8. Intellectual property
Analogically to the security problem, the worry of companies with global development departments or companies installing developed systems on other continents is ruthlessly copying control software by ruthless rivals and quickly developing it as a competitive, cheaper product. This topic applies to all system platforms, however PLC manufacturers have already taken serious steps to solve this problem. In the case of Mitsubishi products, the encrypted code embedded in the hardware and software can be programmed to be executed at the selected moment of time. This may mean that the system is open to programmers and installation specialists throughout the application’s start-up period, and then switches to a mode that protects the system from further interaction.
Regardless of the used platform, every automation system needs routine maintenance, e.g. to have control over hardware and software updates, to replace faulty elements. An important advantage of PLC controllers is the ease of performing these activities in systems using PLC. Programs and configuration settings of any connected device can be sent to SD card in the PLC CPU slot, which greatly simplifies maintenance. Indeed, even if the PLC CPU itself is damaged, the new processor can be quickly inserted into the base board, and the original program loaded directly from the bootable version on the SD card, so that the system will start working immediately.
At the same time, we do not have to deal with the need for continuous firmware updates, which are the nightmare of PC-based systems, and we constantly worry that one update will conflict with another and will disrupt the entire system. From the perspective of industrial automation, the fact that PCs are multitasking systems is one of their greatest weaknesses.
10. Reduced IT requirements
One of the matters connected to the functionality of any automation system, which is important in integration between the plat floor and higher level systems, is the separation of duties between the automation engineering team and IT team. This can be a source of conflicts but we have to keep in mind that there will be almost inevitable lack of understanding from each about the requirements of the other.
In the case of automation systems using PLC controllers, the division of these tasks is clearly marked and there is rarely a need for an IT team to engage in work on the production line. What’s more, along with the availability of products such as the Mitsubishi MES module, which inserted into the base board of PLC provides a direct connection with higher-level databases – from automation systems you can completely remove entire layers of PC hardware, making the boundary between automation and IT even clearer.

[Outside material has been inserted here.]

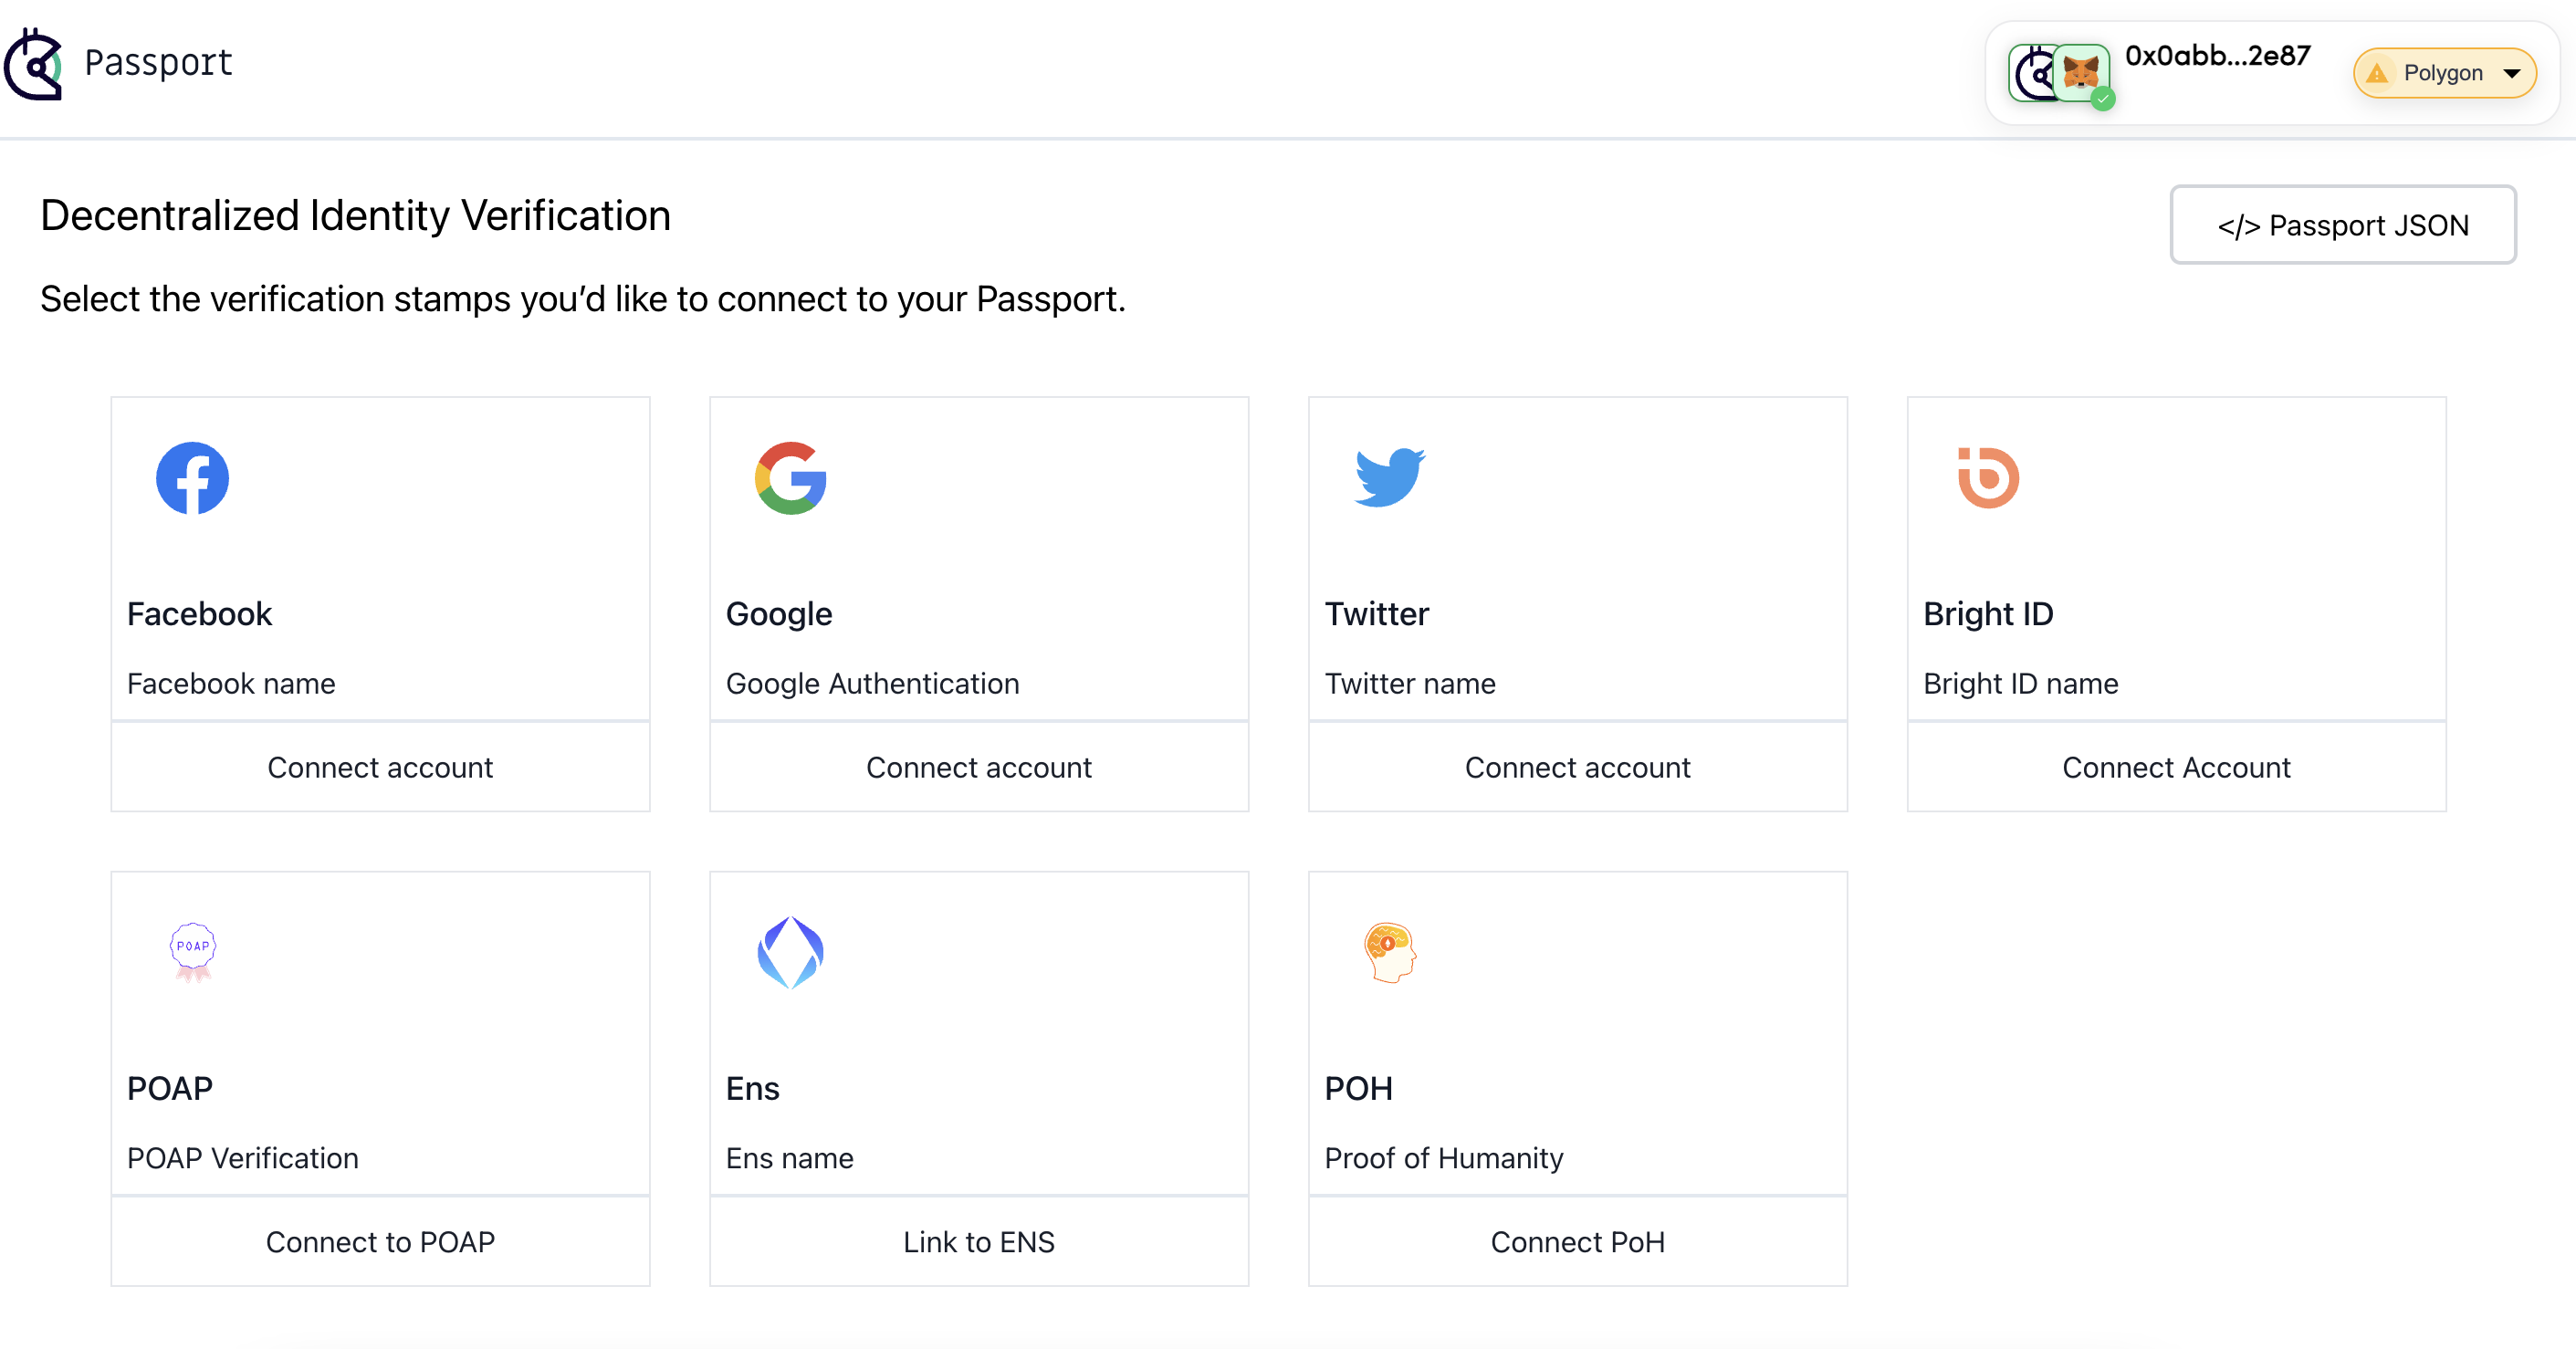 Gitcoin Passport offers seven ways of identity verification

We can see that for many reasons PLC controllers will still be a pillar of control technology for automation systems. We have come to this conclusion without considering such issues as redundancy, security or the ability of modern PLCs to perform many complex mathematical functions that once were solely the domain of systems using PCs.Of course, the choice of the appropriate control system for given automation system should be made on the basis of substantive criteria, however, it should be noted that the PLC offers so many advantages that it should be treated as the first choice platform.